Why some popular estimates exaggerate capital outflows
In comparison, a popular estimation method would be taking the difference of change in FX purchase position and current account balance and net FDI. However, as we pointed out in our previous reports, this measure could significantly exaggerate the magnitude of capital outflows when the market expects RMB depreciation. This is because: (1) it fails to take into account the impact of currency choices for trade settlement with RMB trade settlement facilities on FX purchase and FX reserves, which could in turn lead to overestimation of capital outflow. More foreign exporters would demand USD payment while foreign importers may pay for goods with RMB, resulting in lower FX purchases; and (2) it overlooks the increase in domestic banks and other institutions’ FX holdings, which will lead to a drop in FX purchases without capital flowing across the border.
Capital flow indications
To gauge capital flow momentum on a high-frequency basis, we could monitor the following two sets of data for some clues. First, we could track the trend of CNY/USD appreciation/depreciation expectations and USD strength. When CNY/USD depreciation expectation rises or USD strengthens, there will likely be more pressures on capital outflows if other macro factors remain relatively stable.
Second, RMB asset performances matter too. While a complete data set on cross-border portfolio investment is not available, we could watch net inflows/outflows under the Shanghai-HK stock connect for some indication of portfolio investment sentiment.
 - source Bank of America Merrill Lynch
Emerging Markets including China are in an hypertonic situation, therefore the tendency is for capital to flow out.
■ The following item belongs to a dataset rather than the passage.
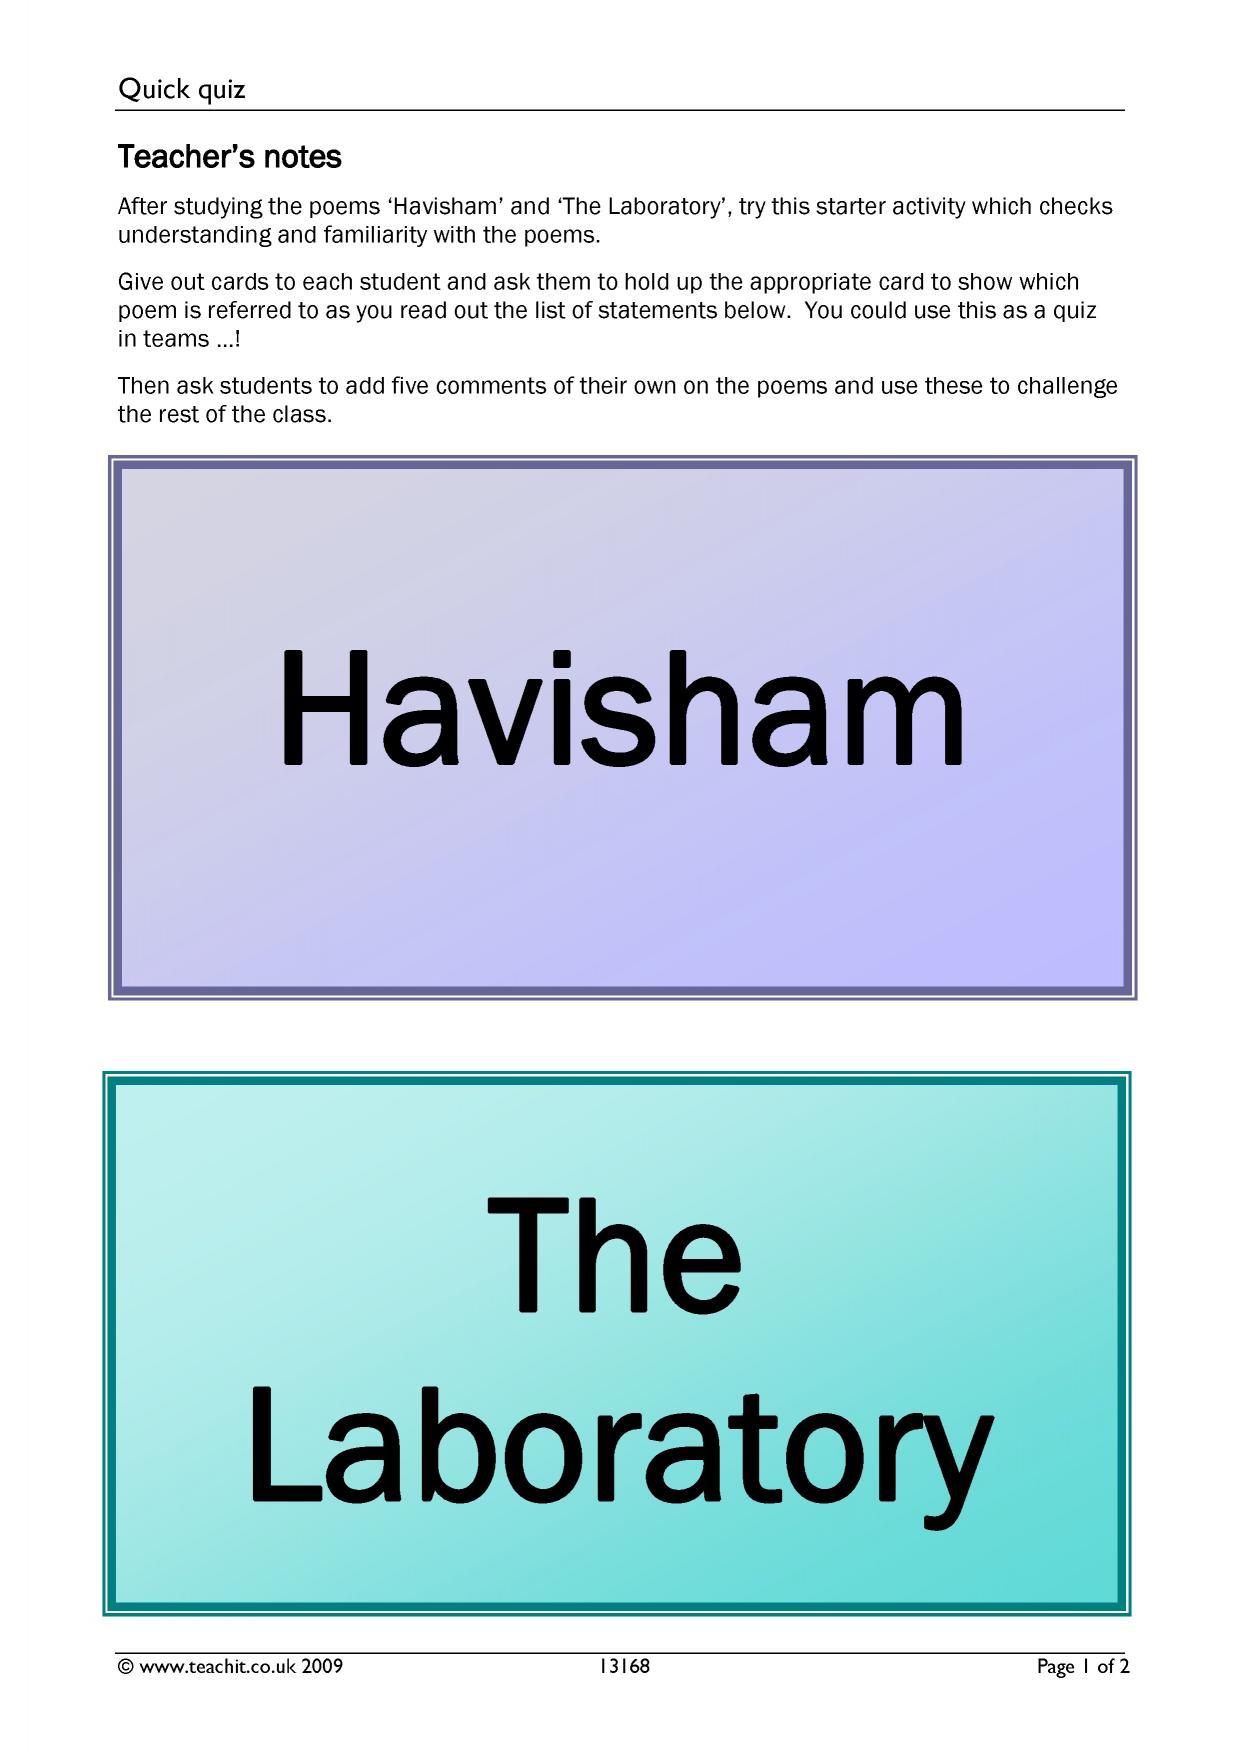 How Love is presented in Carol Ann Duffy's 'Havisham'

In conjunction with capital outflows from exposed "macro tourists" playing the carry trade for too long, the recent price action in US High Yield and the convexity risk we warned about as well as the CCC bucket being the credit canary are all indicative of the murderous proficiency of "Mack the Knife" (King Dollar + positive real US interest rates).

  • High Yield and the scary CCC credit canary
Of course we were way in advance in sounding a warning on that subject in our conversation "The False Alarm" in October 2013 where we stated:
"If we take CCC Default Rate Cyclicality as an early indicative of a shorter credit cycle, then it is the rating bucket to watch going forward
Why the CCC bucket? Because there has been this time around a very high percentage of CCC rated issuers accessing the primary market in High Yield.
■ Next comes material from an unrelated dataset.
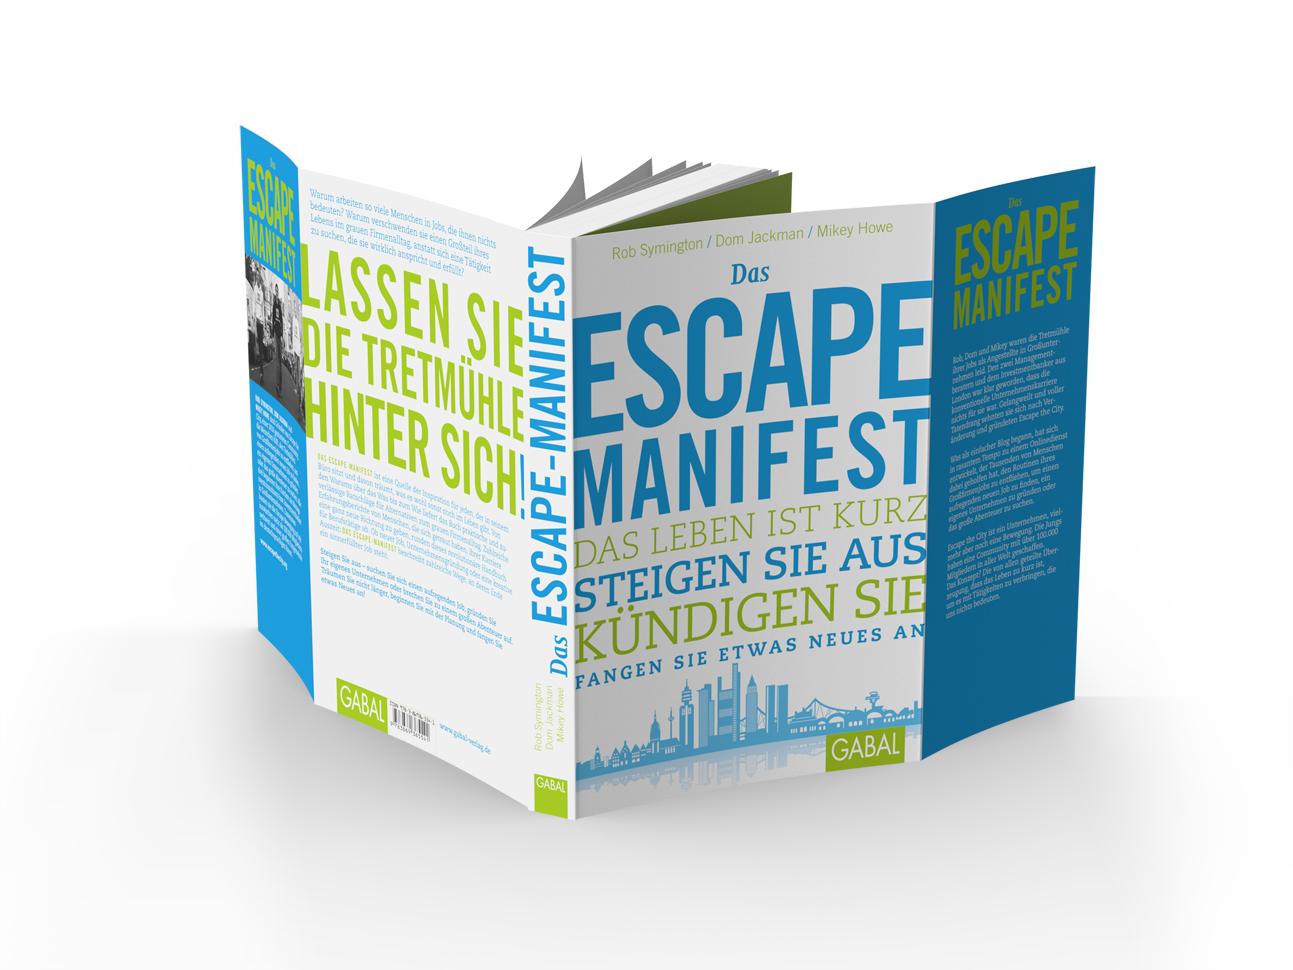 martin_zech_design_buchcovergestaltung_gabal_verlag_symington-escape-manifest

A rise in defaults would likely be the consequences of a deterioration in credit availability. Credit ratings are in fact a lagging indicator." - source Macronomics
We will re-iterate our 2013 advice for credit investors, watch CCC default rate going forward. Because it matters, more and more.
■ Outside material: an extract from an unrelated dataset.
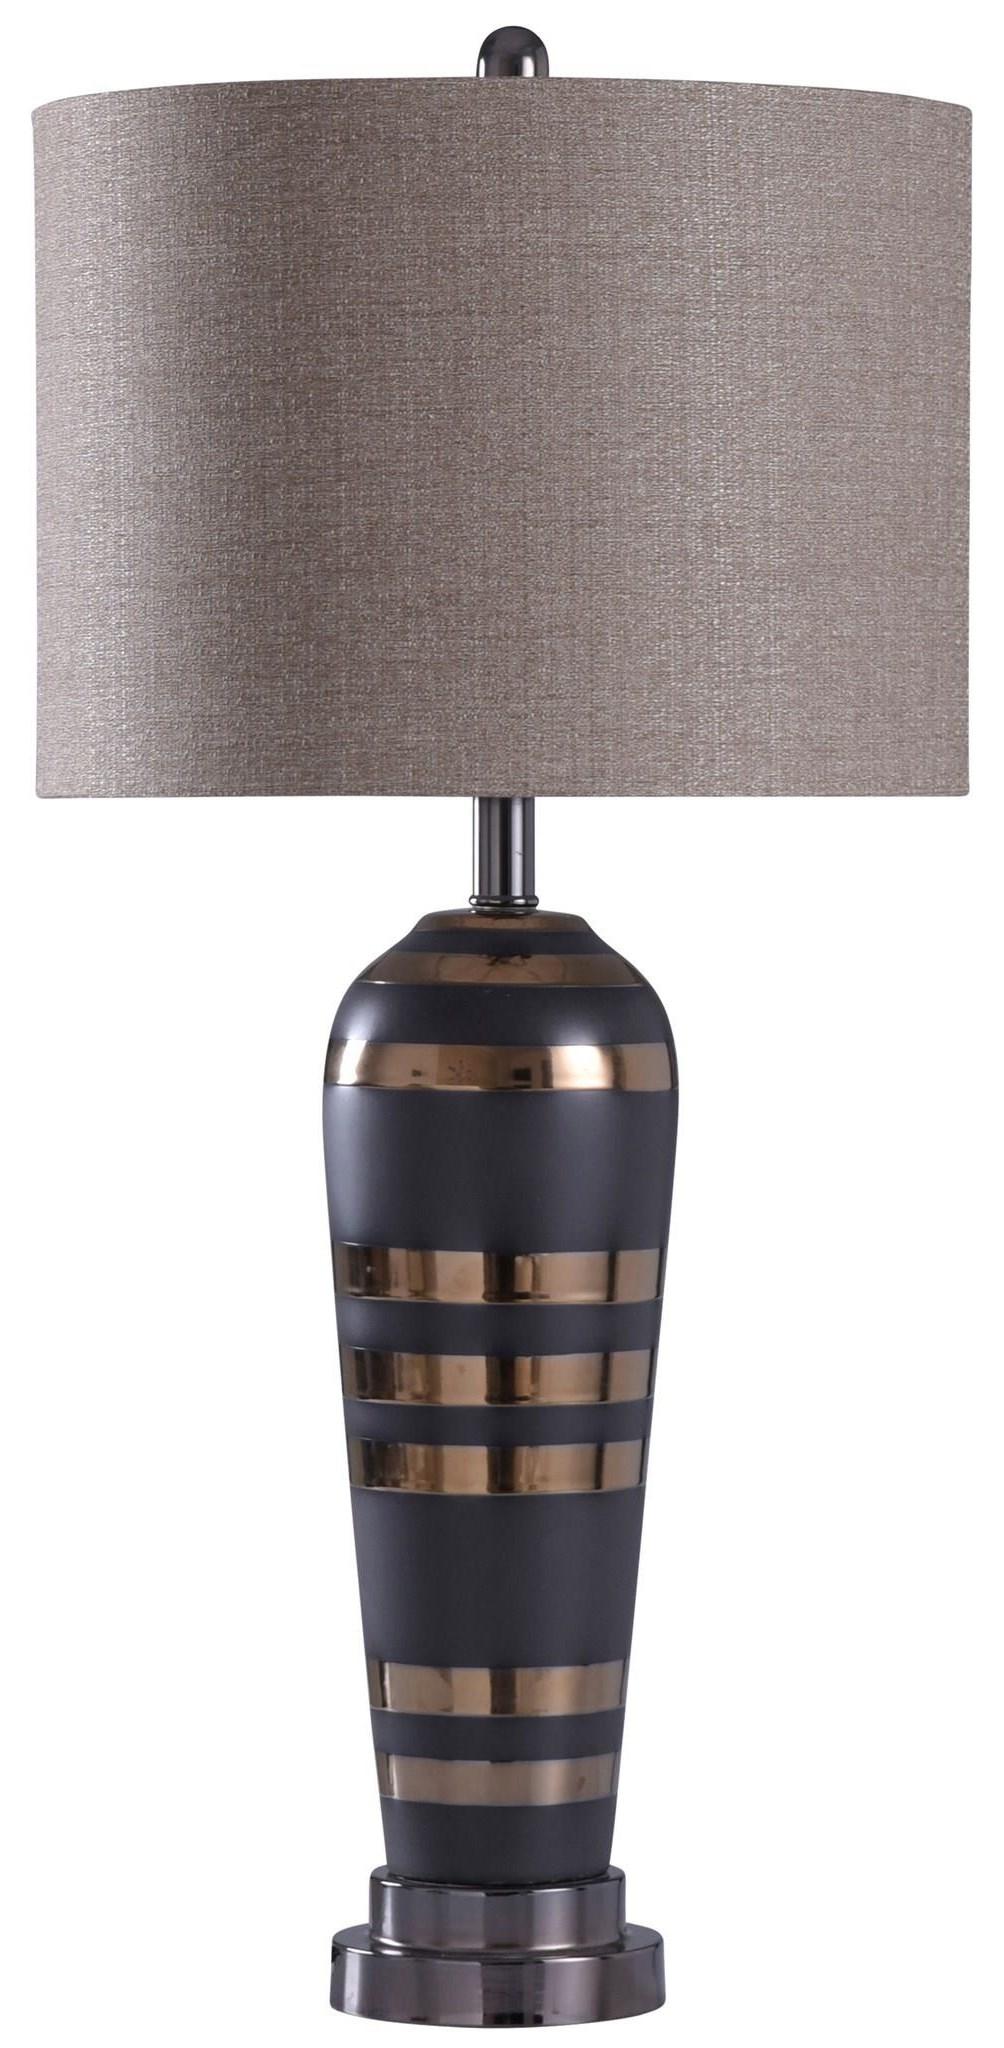 Lamps BRUSHED LAMP by StyleCraft at Furniture Fair - North Carolina

Our cause for concerns has been validated recently given the on-going sell-off in the US High Yield bond markets. On that subject we read with interest UBS's take in their Global Credit Comment from the 27th of July entitled "The scary reality":
"High yield: The scary reality
The current sell-off in US high yield bond market appears controlled based on the consistent but moderate declines in daily cash bond index prices, but underneath the hood several participants are characterizing the price action as carnage. At an index level the average HY bond has fallen about 2 points week-over-week, but index data is notoriously stale and lagging; there are numerous examples of issues down 5, 7 or 10 points on light volumes despite no direct exposure to commodity prices and no material firm specific news. In our view, recent market behavior has exposed several hidden fragilities in the market ecosystem.
First, too many investors were overweight heading into the sell-off, in particular in the energy complex. The plunge in oil and commodity prices following the Iran deal and Chinese demand fears has intensified the potential fundamental stress in resource related sectors, and this outcome was not anticipated by the consensus. Anecdotally we've heard several credit funds have raised cash balances, but there are two problems with this thesis: one, the rise is arguably structural as outflow risks rise in an environment of tighter monetary policy, rising credit risks and lackluster performance. Two, many of those who raised cash we believe added beta to continue producing above-benchmark returns and limit tracking error. This strategy fails in a decompression scenario where low quality and illiquid credit underperforms.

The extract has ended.